The allelic profile, ST, and CC for each isolate are shown in Tables 2 and 3. The results revealed a diverse distribution of ST1–ST47. Three isolates, HL_NV12211, PA42, and PA101, belonged to ST1 (allelic profile 1–1–1–1–1–1–1); two isolates, PA44 and PA78, belonged to ST9 (8–7–6–2–13–1–7); three isolates, HL_D3081, PA95, and PA49, belonged to ST14 (4–1–12–5–18–5–7); two isolates, PA30 and HL2121, belonged to ST18 (8–6–1–9–15–11–5); four isolates, HL_D1250, PA23, PA48, and PA81, belonged to ST20 (9–1–1–8–22–10–5); two isolates, PA9 and NV25875, belonged to ST27 (4–9–3–1–13–13–12); two isolates, PA75 and HL1500, belonged to ST33 (13–5–1–14–15–13–2); two isolates, PA38 and PA88, belonged to ST36 (4–1–2–15–16–10–14); and three isolates, PA96, NV24345, and NV26624, belonged to ST37 (12–11–1–11–16–13–6). CC2 (N=2) consisted of ST2 (allelic profile 4–1–1–1–5–1–7) and ST39 (4–1–1–1–5–1–1); CC10 (N=3) consisted of ST10 (8–7–8–10–6–6–4), ST11 (10–7–8–10–6–6–4), and ST16 (8–10–8–10–6–6–4); CC18 (N=3) consisted of ST18 (8–6–1–9–15–11–5) and ST45 (8–1–1–9–15–11–5); CC31 (N=2) consisted of ST31 (13–1–2–15–12–9–15) and ST32 (13–1–2–15–12–9–16); and CC33 (N=3) consisted of ST33 (13–5–1–14–15–13–2) and ST41 (13–6–1–14–15–13–2) (Tables 2 and 3).
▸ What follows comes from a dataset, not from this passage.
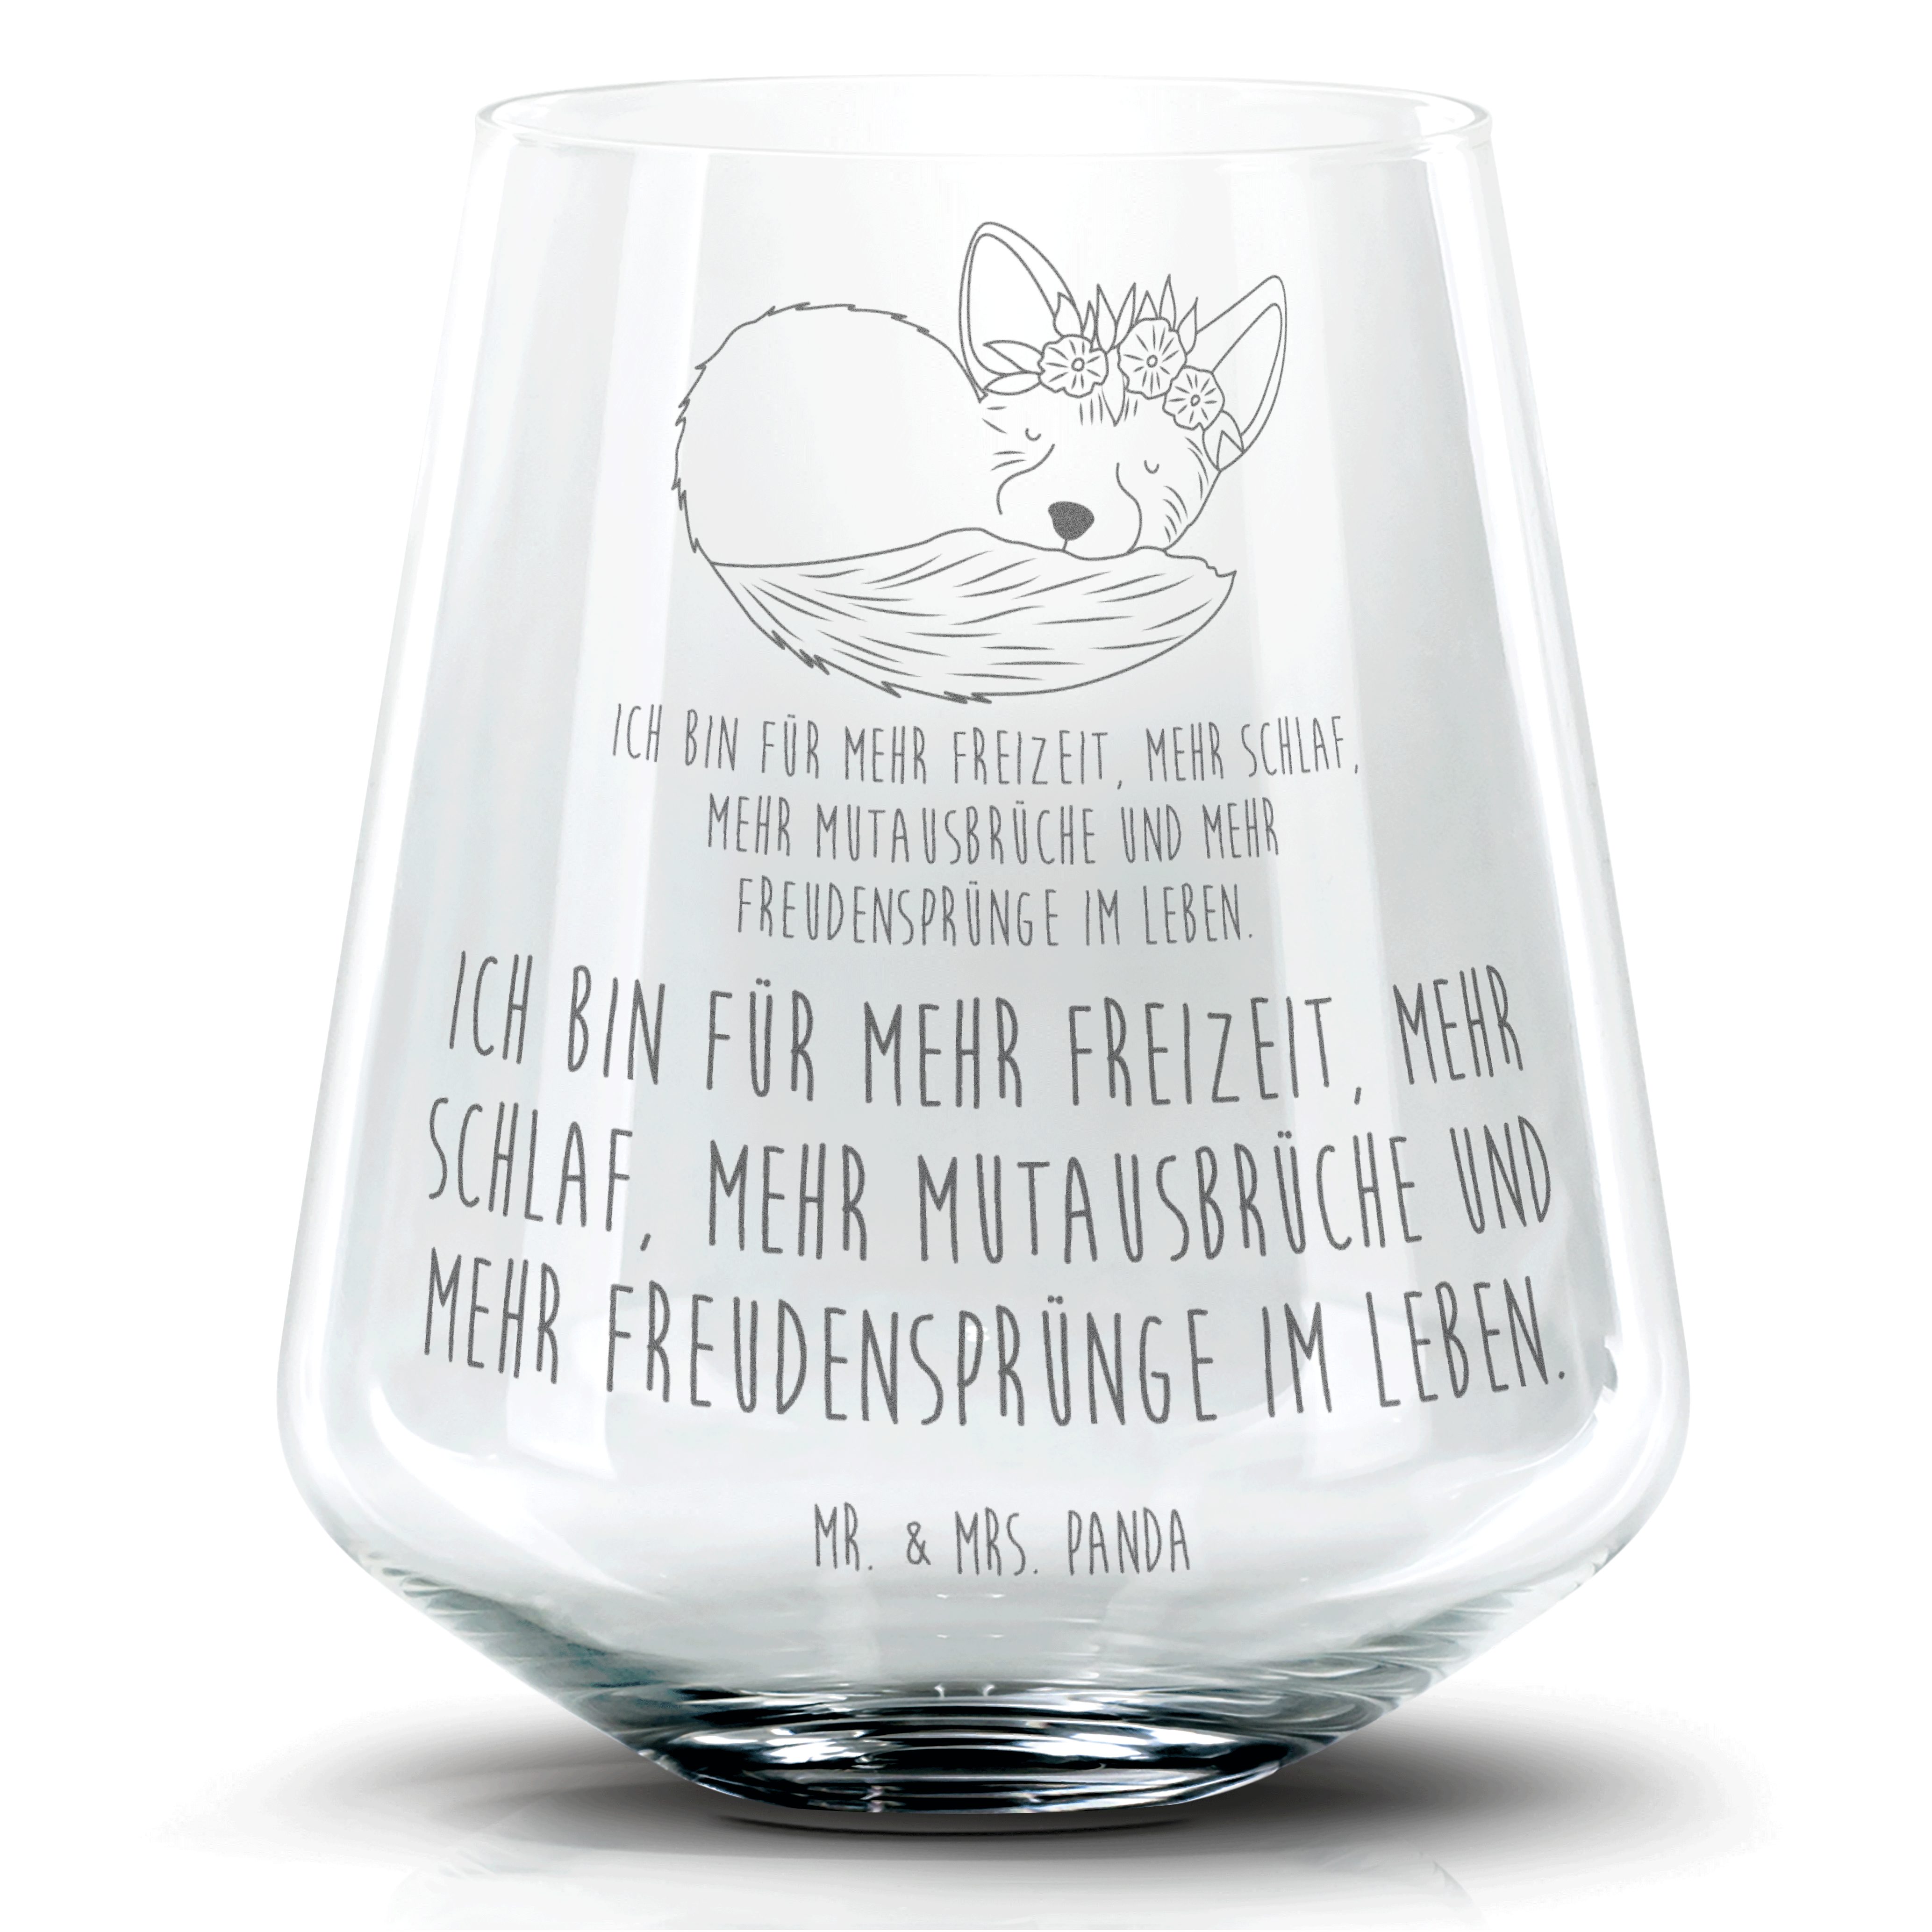 Mr. & Mrs. Panda Cocktailglas Wüstenfuchs Blumen - Transparent - Geschenk, Cocktail Glas mit Wunsch, Premium Glas, Personalisierbar

Fig. 1 shows a phylogenetic tree of the concatenated sequences of the seven genes in all isolates constructed using the neighbor-joining method. Apart from P. multocida subsp. multocida ATCC 43137(T) and P. multocida subsp. septica NCTC 11995(T), which were used as outgroups, all isolates were clustered together. Furthermore, we found that isolates belonging to CC2, CC10, CC18, CC31, and CC33 were clustered together in the tree.

Fig. 2 shows goeBURST diagrams indicating the relationships between STs and CCs in all isolates. Fig. 2A indicates the differential distribution of STs among different hosts (animals and humans), and Fig. 2B shows the differential distribution of STs among different countries (Japan, Korea, and others).

For the first ompA genotyping analysis conducted at a Japanese institute alone, we used 48 isolates (excluding 13 Korean isolates) (Table 3). Fig. 3 shows a phylogenetic tree constructed based on the ompA amino-acid sequences, using the neighbor-joining method and the maximum-likelihood method with the Whelan and Goldman model. We found four clusters (1–4) in the tree. Identical ST20 isolates (N=4) were clustered in cluster 1; identical ST33 isolates (N=2) were clustered in cluster 2; identical ST9 (N=2) and ST14 (N=3) isolates were clustered in cluster 3; and identical ST1 (N=3) and ST36 (N=2) isolates were clustered in cluster 4, suggesting the validity of the MLST scheme.

Simpson’s diversity index values (and 95% confidence intervals) of MLST (N=48) and ompA typing (N=48) were 0.987 (0.975–0.999) and 0.692 (0.612–0.772), respectively, indicating the high discriminatory ability of the MLST scheme established compared with that of ompA typing.